On every project we are involved with there always comes a time to discuss the ontology required for the information and processes that are being managed. An ontology allows you to categorise your information based on the business realm it is relevant for. This enhances user productivity through accurate, metadata based content discovery and process mapping. Defining types, properties and relationships is key to managing information, however the management of a metadata structure for a document always seems counter intuitive to users, who cannot see the long term goal of faster content discovery. From a change management perspective it’s tough going to convince users the upfront effort will help them in the long term.
Semantic Content Management is a practice that can be used to help with this among other things. It facilitates augmenting non semantic information, such as documents in Alfresco, with semantic information such as entities (person, place or organisation ), geo-tag information, abstracts etc. Semantic Content Management is supported by the Semantic web. According to the W3C, “The Semantic Web provides a common framework that allows data to be shared and reused across application, enterprise, and community boundaries”. The semantic web includes sites like dbpedia.org which provides web pages in a defined xml format to contextualize the content.
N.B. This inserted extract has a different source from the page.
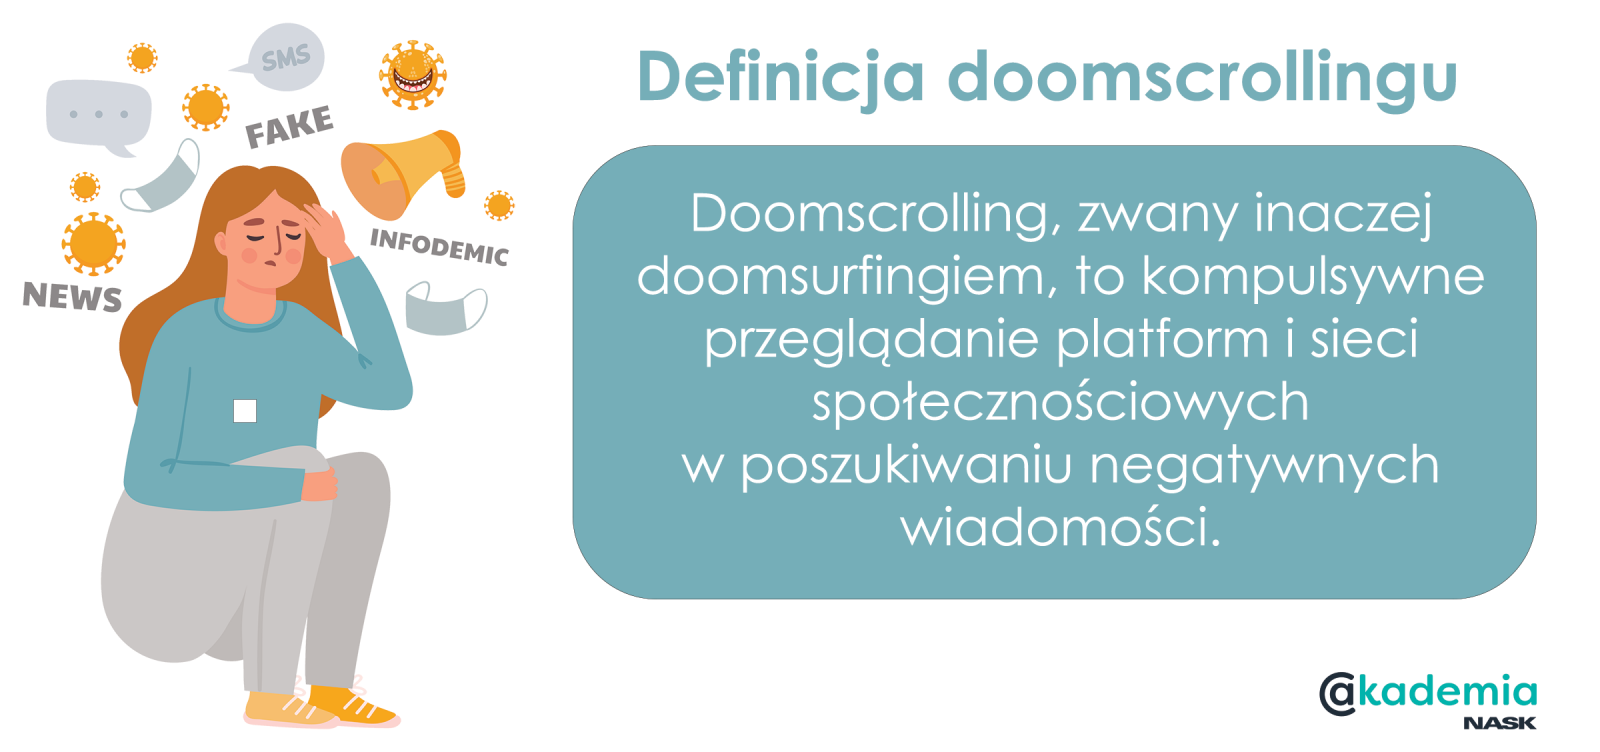 Czym jest doomscrolling? Doomscrolling, zwany inaczej doomsurfingiem, to kompulsywne przeglądanie platform i sieci społecznościowych w poszukiwaniu negatywnych wiadomości. 
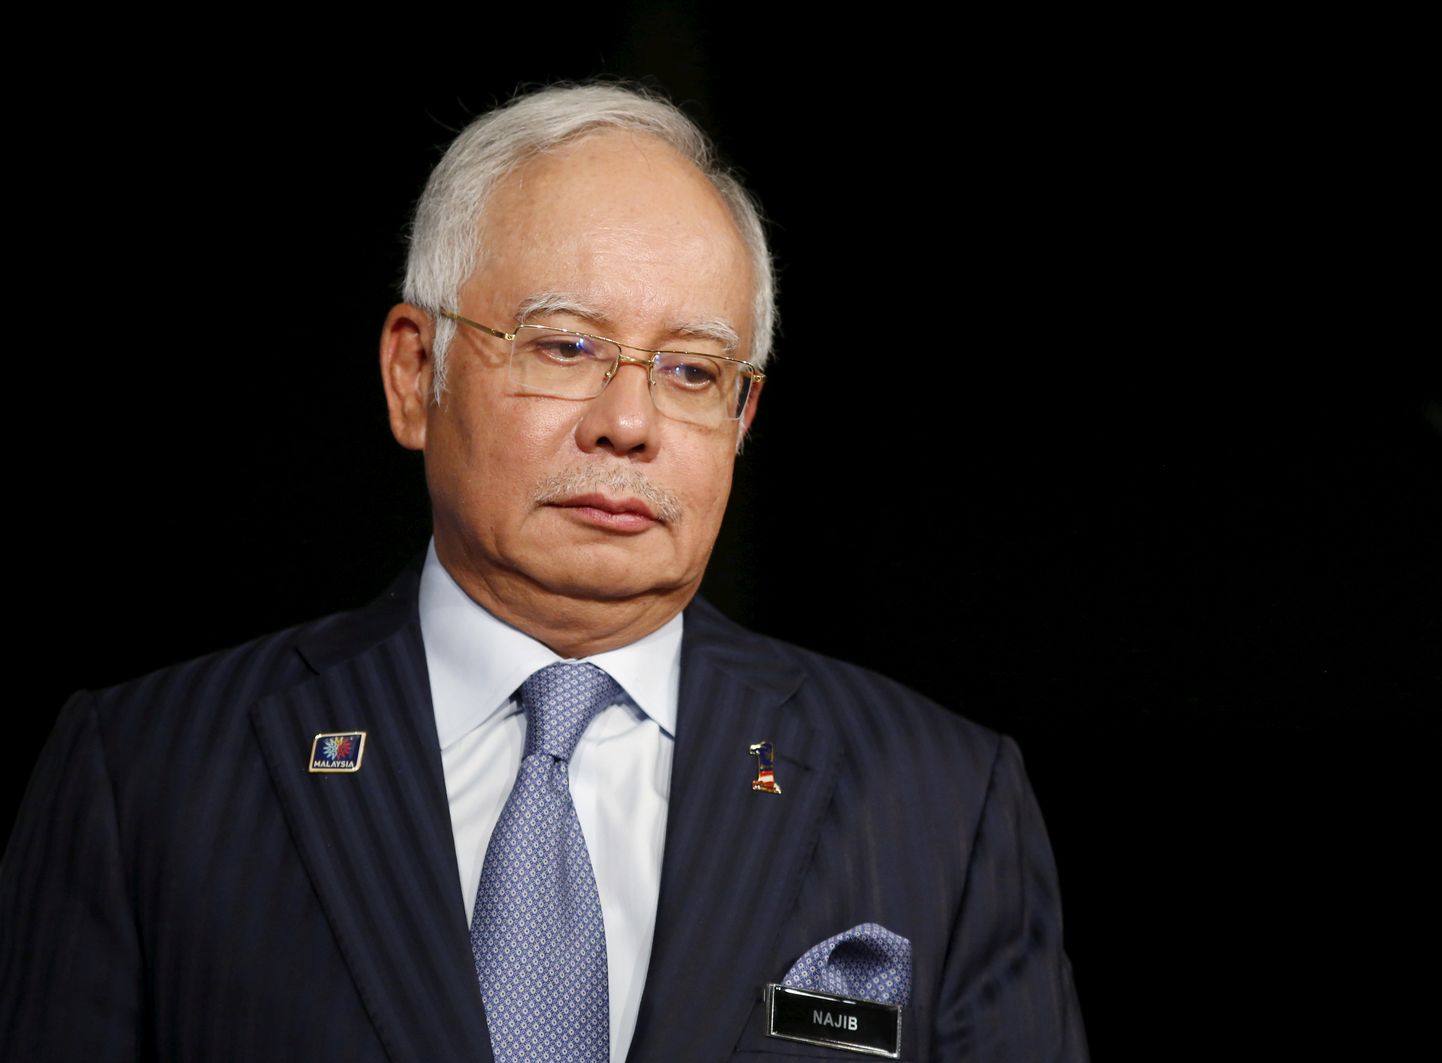 Malaisia endist preministrit Najib Razaki süüdistatakse riiklikust investeerimisfondist miljardite dollarite varastamises.

So items such as the language, place or type of data is stored with the content and also the relationships to other content are clearly defined. This structured web information is often referred to as the Web of Things. The advantage of this is that the content is machine readable and this can be exploited by systems to extract and populate the managed content with contextualized metadata. Apache Stanbol is a system that provides services around Semantic Content Management. At Seed we are using Stanbol for one of our customers to auto extract the people, organisations and places that are referenced in the content and attaching it to the content. The plan is to use this enhanced data, in conjunction with search, to allow for analysis of the data in terms of entities and entity graphs and also to annotate any content with further semantic details such as related articles, definitions, geo-tagging etc. Furthermore we plan to build up a database of entities that then be further nourished and provide historic data to our auto categorisation process.
Over the next few weeks we will expand on Semantic Content Management and provide you with examples of how Stanbol features such as Content Enhancement, Reasoning, Knowledge Models and Persistence services are integrated with Alfresco ECM to provide auto categorisation, enriched analysis capability and semantic annotations.